The court noted that the party seeking to recover its legal expenses has the burden of justifying the amounts requested, and that the reasonableness of attorneys' fees are reviewed under a multi-factor test that considers, among other things, the fee customarily charged for such disputes, the results obtained, and the time and labor required. The subsidiary argued that the nearly $300,000 in legal expenses that the former CEO had incurred up until that point in the federal action were not reasonable because the parent company had incurred only $85,000. However, the court was not persuaded and invoked the "pizza principle," explaining that "it is more time-consuming to clean up the pizza thrown at the wall than it is to throw it." This was a reference, the court explained, to the fact that the former CEO's lawyers had been forced to spend considerable time and effort responding to the parent company's wide-ranging claims and allegations in the federal action.
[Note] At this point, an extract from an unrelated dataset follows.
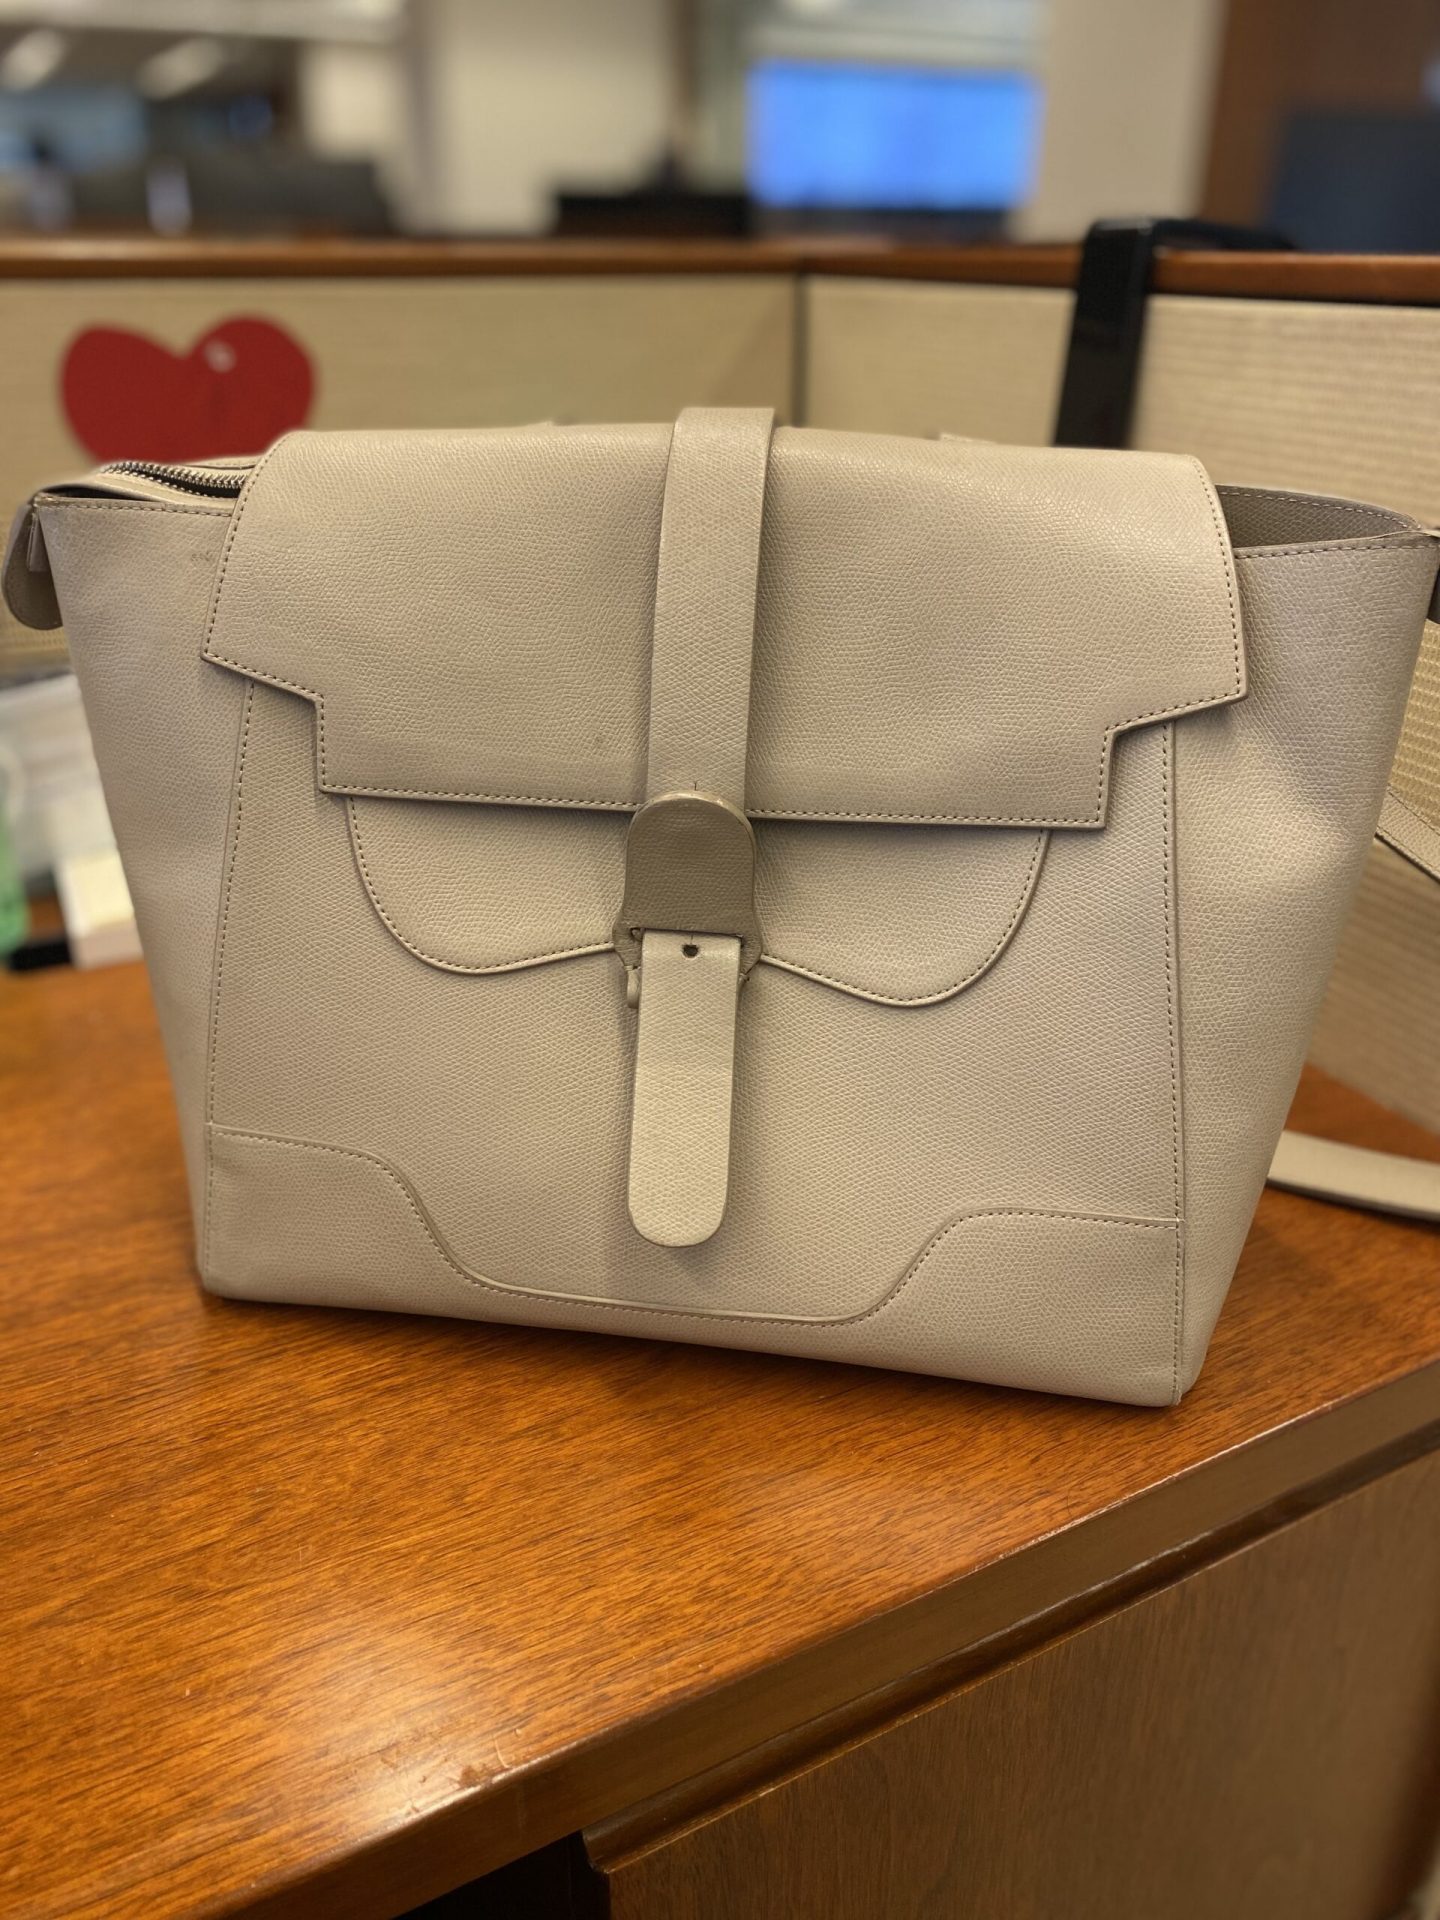 Senreve Mini, Midi, and Maestra Review | Chic handbags, Pretty bags, Luxury  bags

The subsidiary also complained that it should not have to advance $70,000 to reimburse the former CEO for a retainer he had paid his attorneys because advancement is limited to fees actually incurred by an indemnified party. However, the court found that the officer had actually incurred the retainer charge and had paid that amount to his attorneys and, therefore, was entitled to be advanced that amount.
Lastly, the court ruled that the subsidiary also was required to reimburse the former CEO for an additional $275,000 in legal expenses that he had incurred prosecuting the Delaware lawsuit. The judge acknowledged that this amount "falls at the high end of what I would expect for a typical advancement proceeding," but he noted that the subsidiary was largely responsible for driving up the former CEO's legal fees by unnecessarily prolonging the advancement action and reversing its litigation position on several occasions.
Danenberg v. Fitracks, Inc., No. 6454-VCL (Del. Ch. Mar. 5, 2012)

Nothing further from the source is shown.